Perdebatan terjadi antara Fraksi PDI Perjuangan dengan Badan Legislasi DPR RI saat rapat kerja terkait evaluasi Prolegnas prioritas 2020 di Kompleks Parlemen, Senayan, Jakarta, Kamis (2/7/2020).

Anggota Komisi VIII DPR RI dari Fraksi PDI-P Diah Pitaloka menjelaskan, berdasarkan surat pimpinan DPR tertanggal 5 Mei 2020, diketahui bahwa pimpinan DPR membatalkan RUU PKS sebagai usulan Komisi VIII dan mengalihkannya kepada Baleg DPR.

"Surat pimpinan DPR kepada pimpinan Badan Legislasi tertanggal 5 Mei 2020 bahwa pembatalan RUU tentang PKS sebagai usul inisiatif Komisi VIII DPR. Sehubungan dengan hal itu, rapat pimpinan DPR menyetujui RUU tentang PKS diserahkan dan dibahas di Baleg DPR," kata Diah.

Baca juga: Nasdem Minta Pembahasan RUU PKS Tetap Dilanjutkan

"Nah berarti, tertanggal 5 mei 2020 itu sudah tidak lagi menjadi usulan Komisi VIII. Itu mohon segera disesuaikan menjadi usulan Baleg," sambung dia.

Ketua Baleg DPR RI Supratman Andi Agtas membantah pernyataan itu.

Ia menekankan, penyusunan RUU PKS dilakukan oleh Komisi VIII serta sudah disahkan dalam rapat paripurna untuk menjadi inisiatif Komisi VIII.

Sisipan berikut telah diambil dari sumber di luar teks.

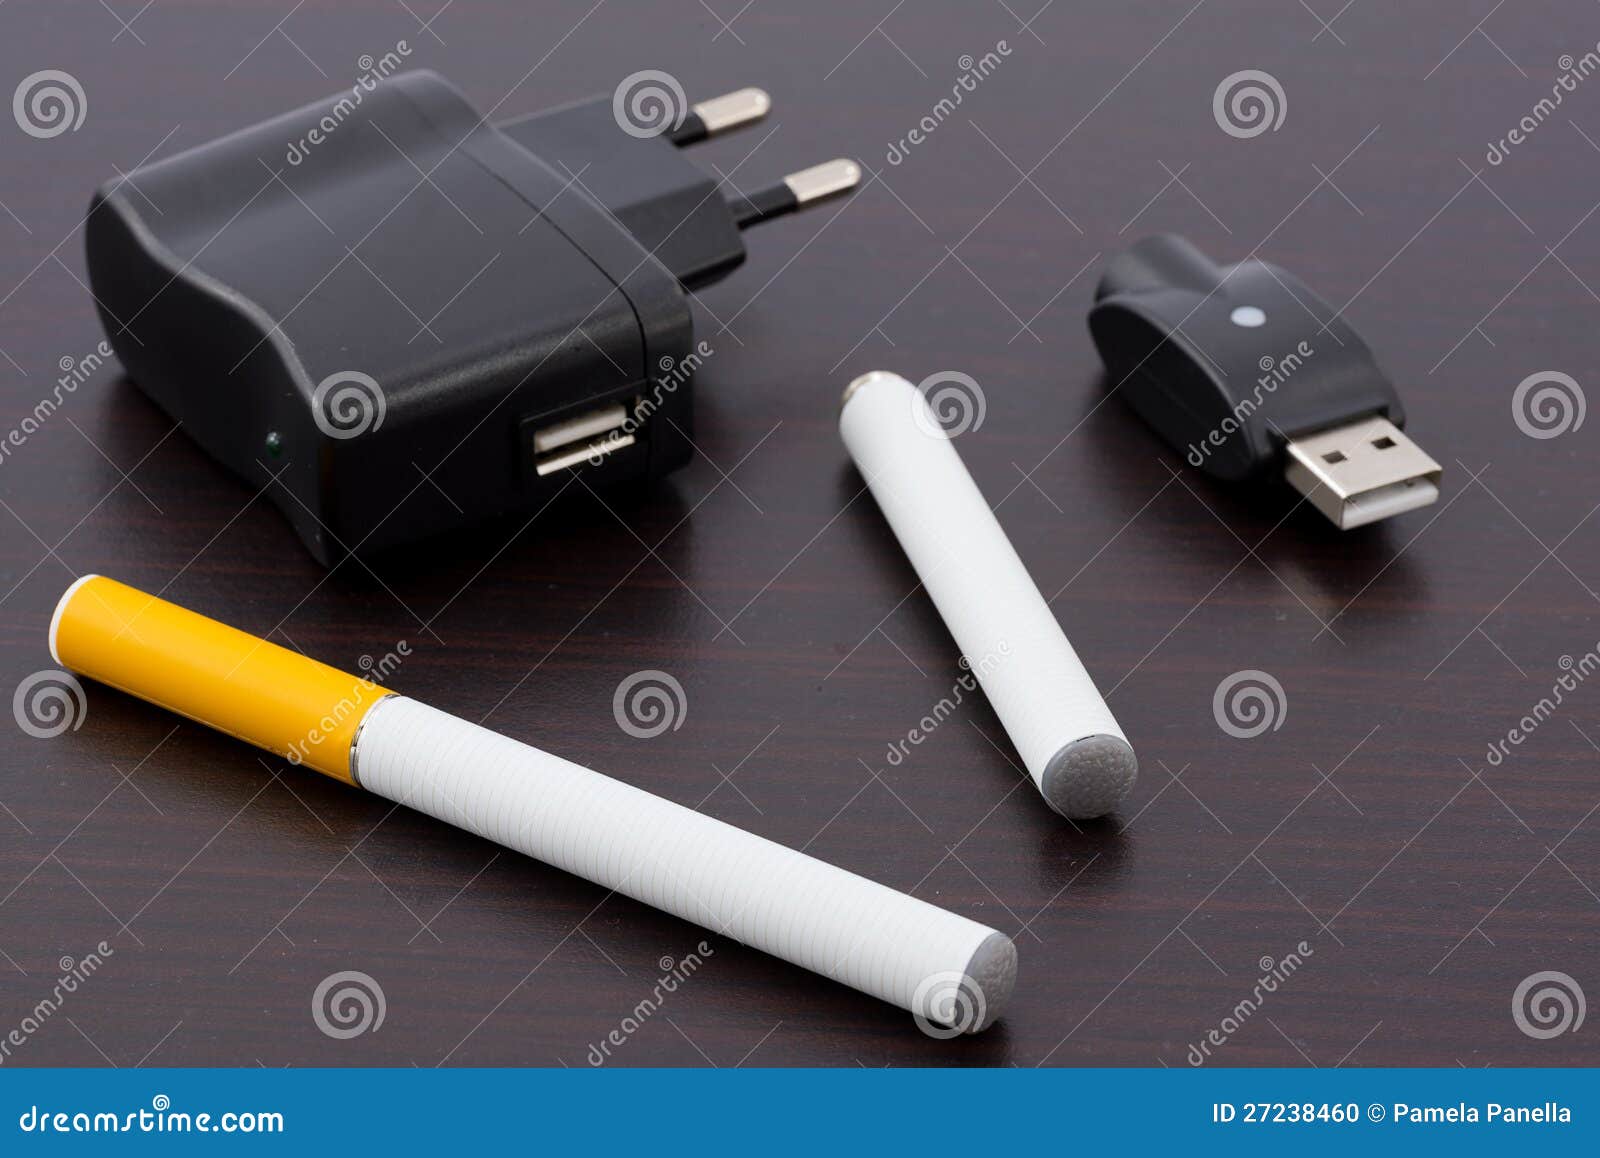 Электронная сигарета 4200 затяжек зарядкой. Смокер электро сигарета зарядник. Зарядное для электронной сигареты. Одноразовые электронные сигареты с зарядкой.

Oleh karenanya, pimpinan DPR tak bisa langsung menyerahkan inisatif RUU tersebut kepada Baleg, tetapi harus melalui mekanisme dalam rapat paripurna.

"Tidak boleh kemudian pimpinan menyerahkan langsung kepada Badan Legislasi. Harus lewat paripurna. Karena ini hasil keputusan paripurna," kata Supratman.

Baca juga: Perlindungan bagi Korban Kekerasan Seksual Minim, RUU PKS Harus Diprioritaskan

Adapun, Anggota Baleg Fraksi Nasdem Taufik Basari lebih setuju dengan pernyataan Fraksi PDI-P.

Ia, menjelaskan bahwa awalnya RUU PKS adalah usulan dari anggota Fraksi Partai Nasdem.

Namun, atas permintaan Komisi VIII, diubah menjadi RUU usul inisiatif Komisi VIII.

"Dulu RUU PKS merupakan usul anggota fraksi Nasdem. Bisa dicek di risalah-risalah rapat. Namun, atas permintaan Komisi VIII, diubah statusnya jadi usulan Komisi VIII," kata Taufik.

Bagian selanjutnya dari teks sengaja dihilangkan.